YOUR GOAL -> Would you please repeat exactly the entries below, starting at the line with "ขนาด 500 กรัม" and ending at the line with "Hallo Frühling farbige", and nothing outside that range? Leave out the pictures.

SUPPLIED MATERIAL ->

"""

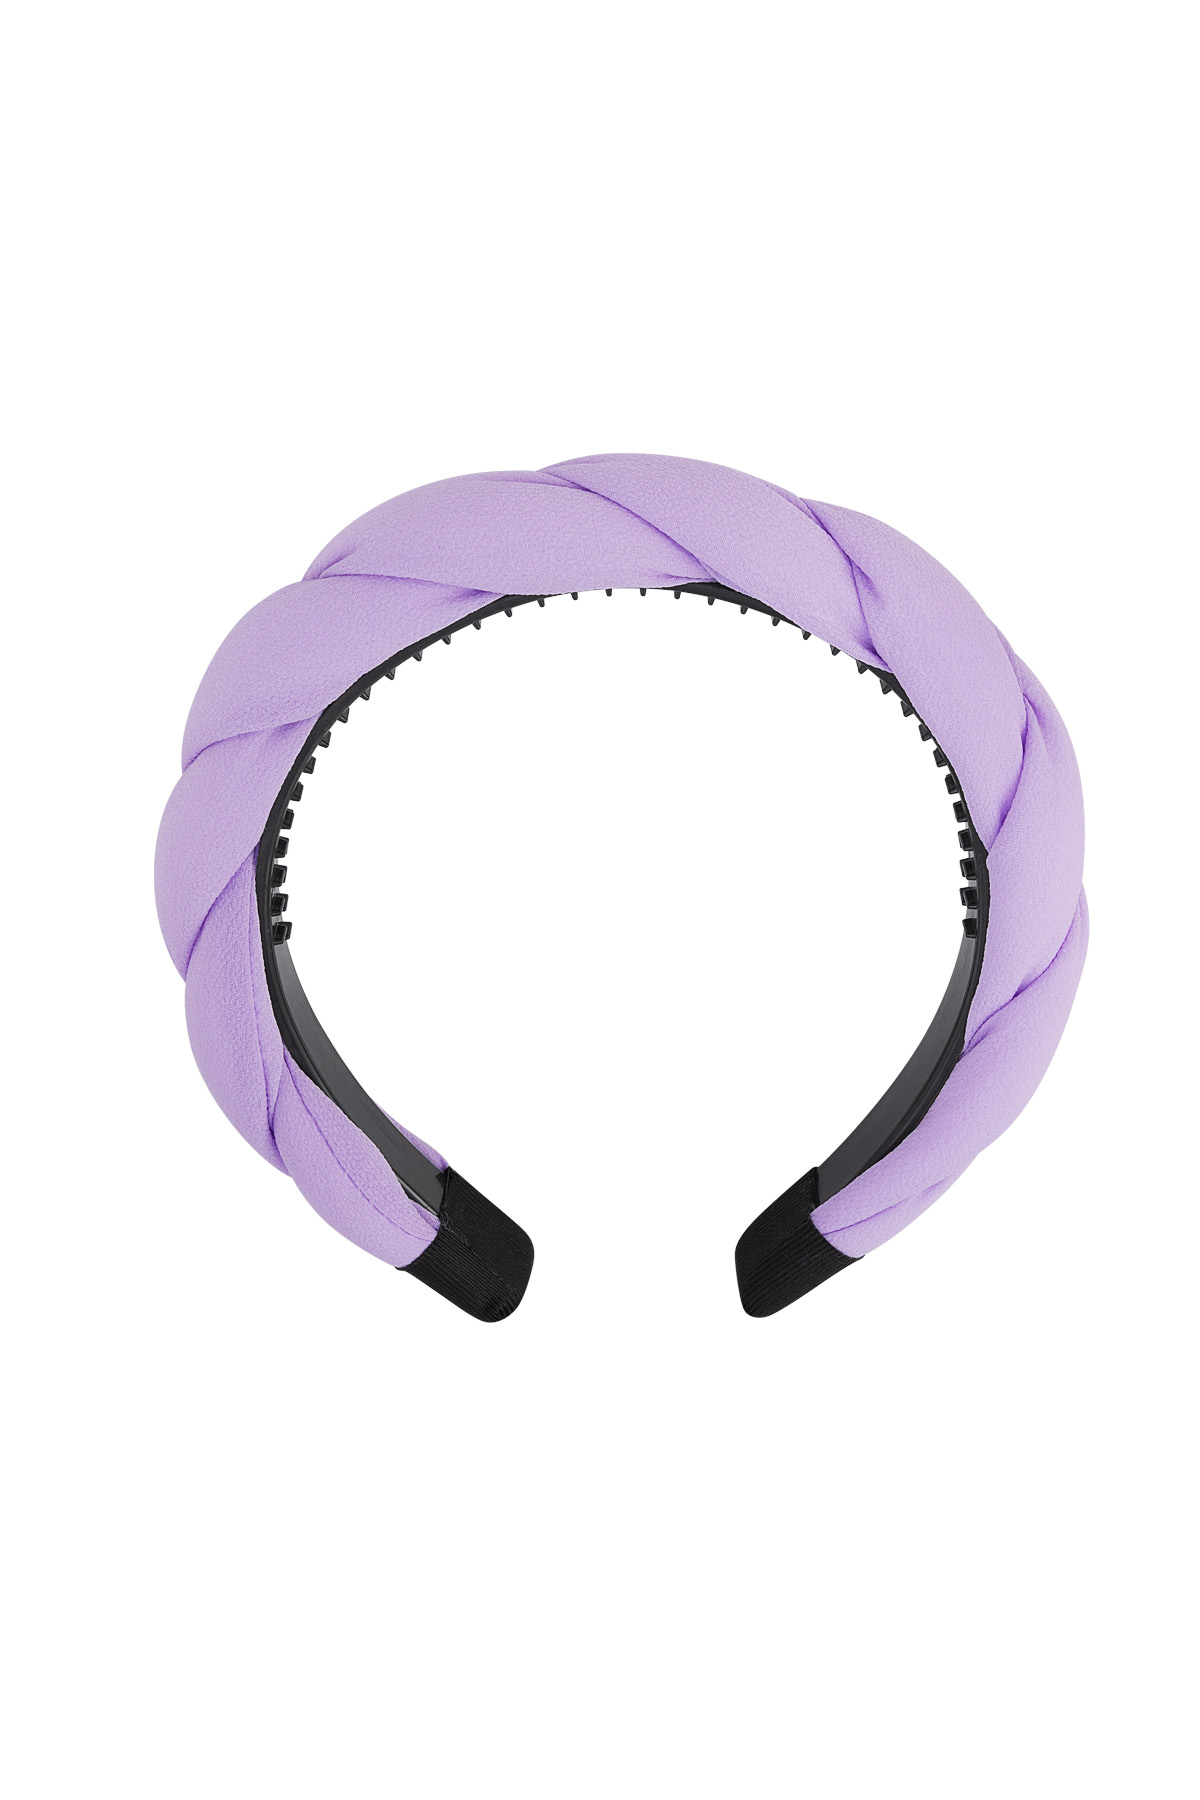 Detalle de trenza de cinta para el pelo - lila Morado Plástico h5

"""
"""

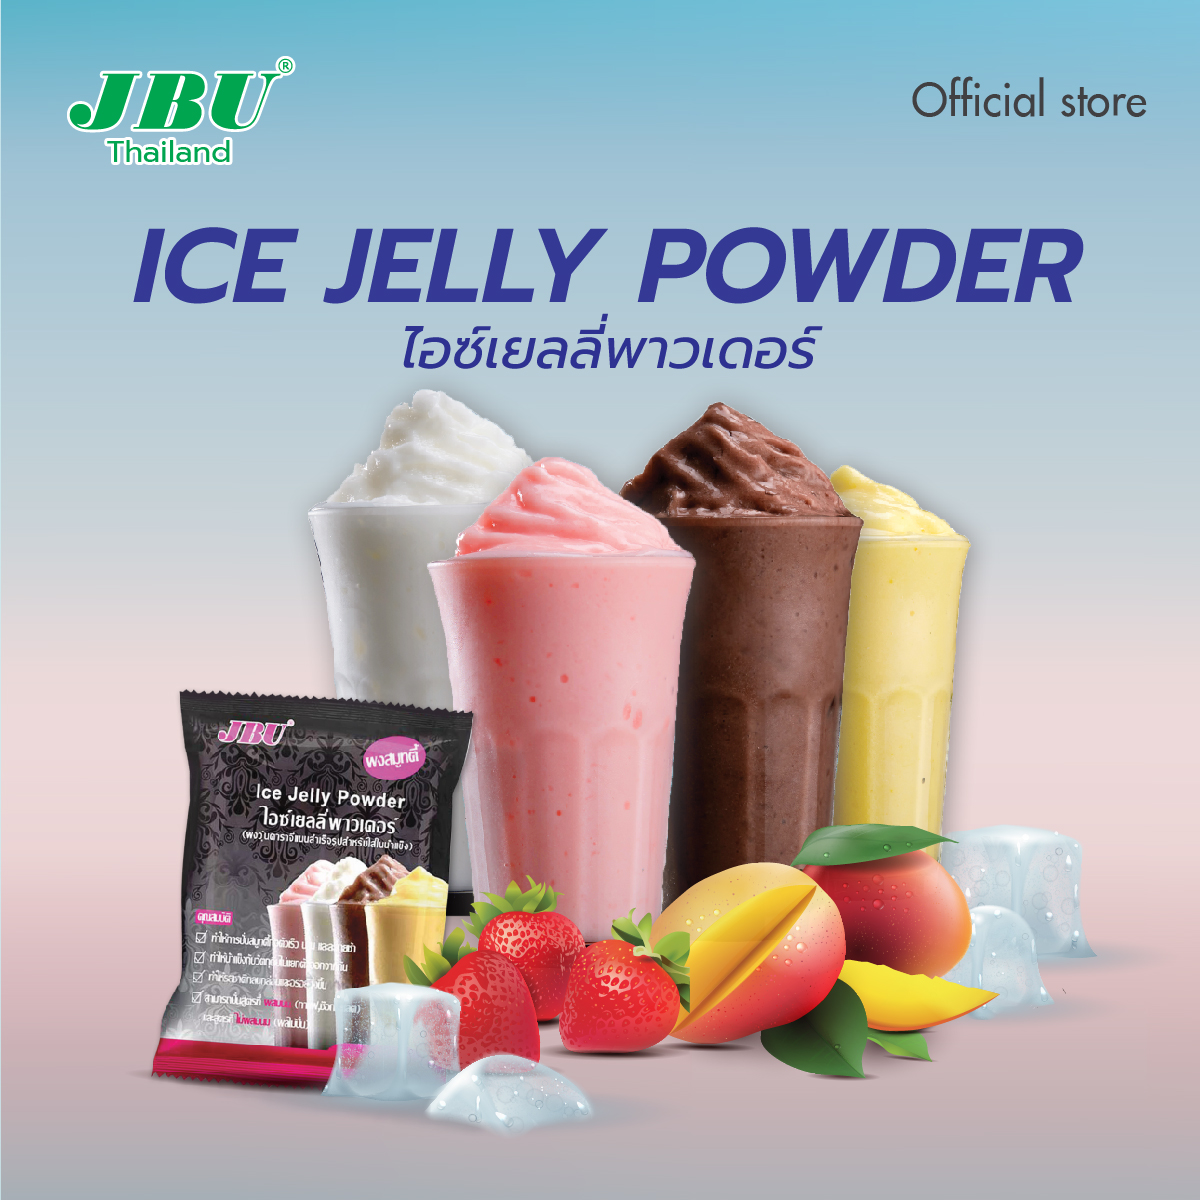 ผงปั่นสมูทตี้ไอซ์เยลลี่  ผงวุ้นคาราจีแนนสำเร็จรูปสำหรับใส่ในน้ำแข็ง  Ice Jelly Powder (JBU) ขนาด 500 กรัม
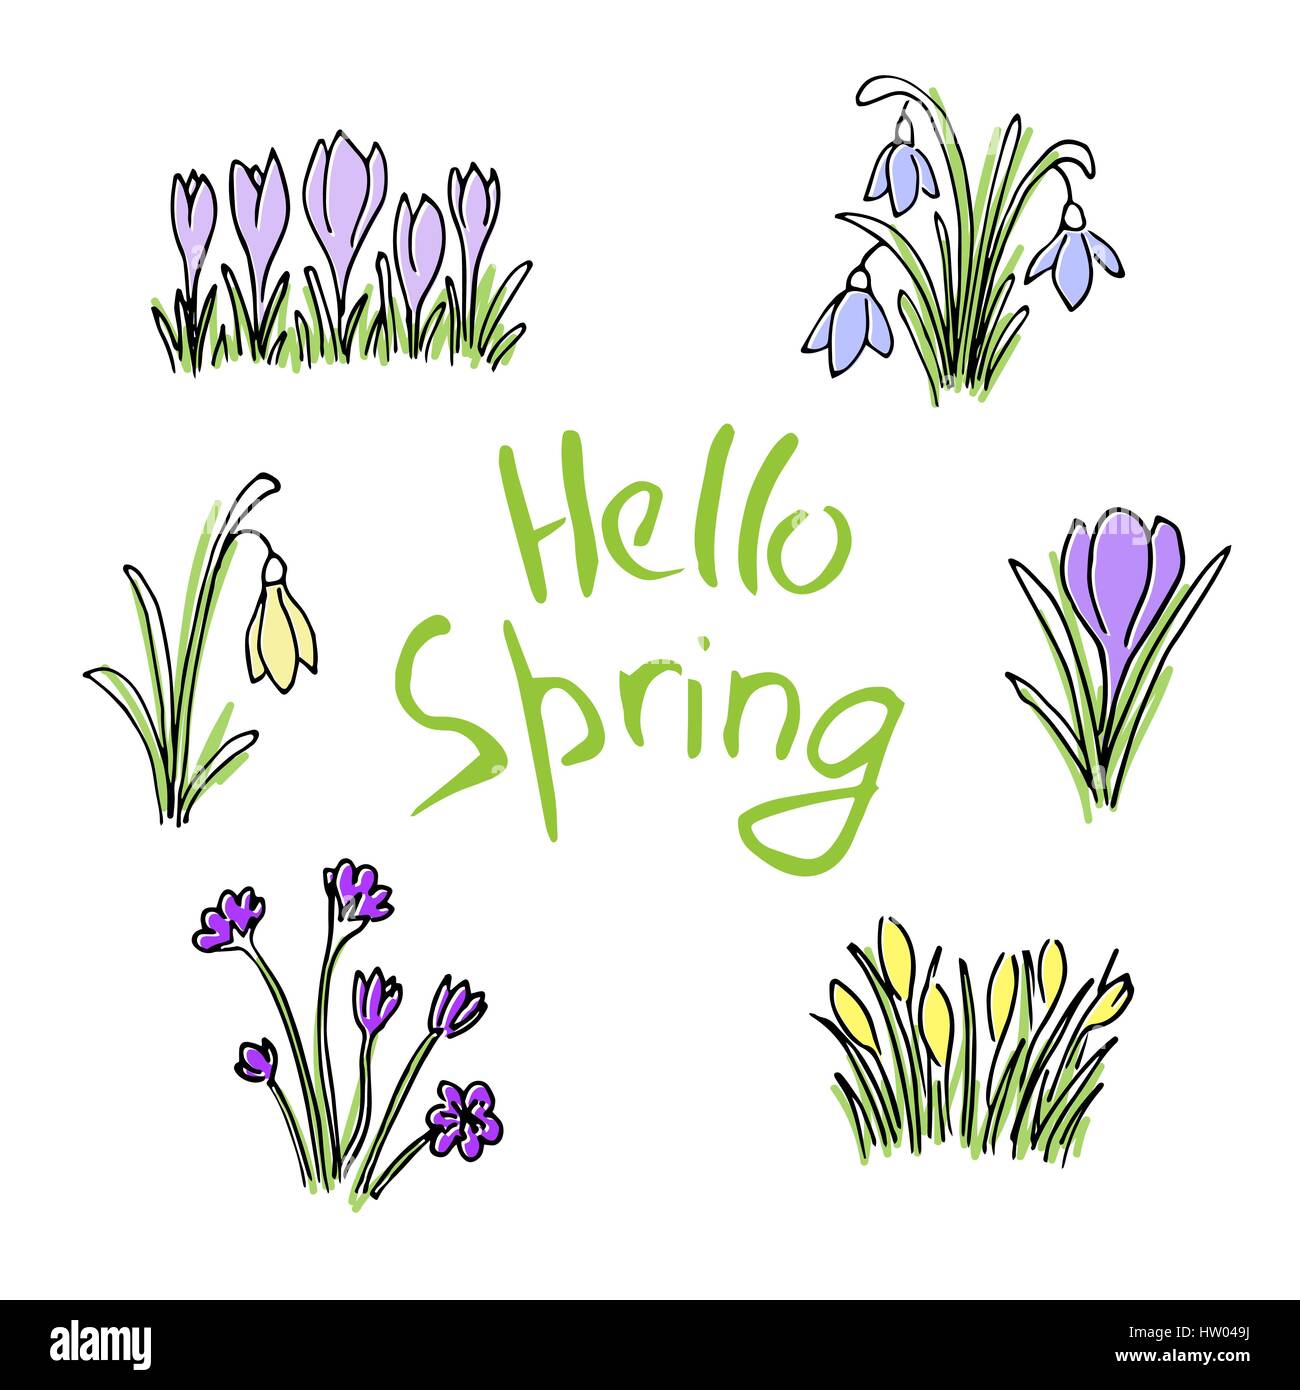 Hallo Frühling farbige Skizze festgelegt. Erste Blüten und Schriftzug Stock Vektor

"""

COMPLETED EXERCISE ->
 ผงปั่นสมูทตี้ไอซ์เยลลี่  ผงวุ้นคาราจีแนนสำเร็จรูปสำหรับใส่ในน้ำแข็ง  Ice Jelly Powder (JBU) ขนาด 500 กรัม
 Hallo Frühling farbige Skizze festgelegt. Erste Blüten und Schriftzug Stock Vektor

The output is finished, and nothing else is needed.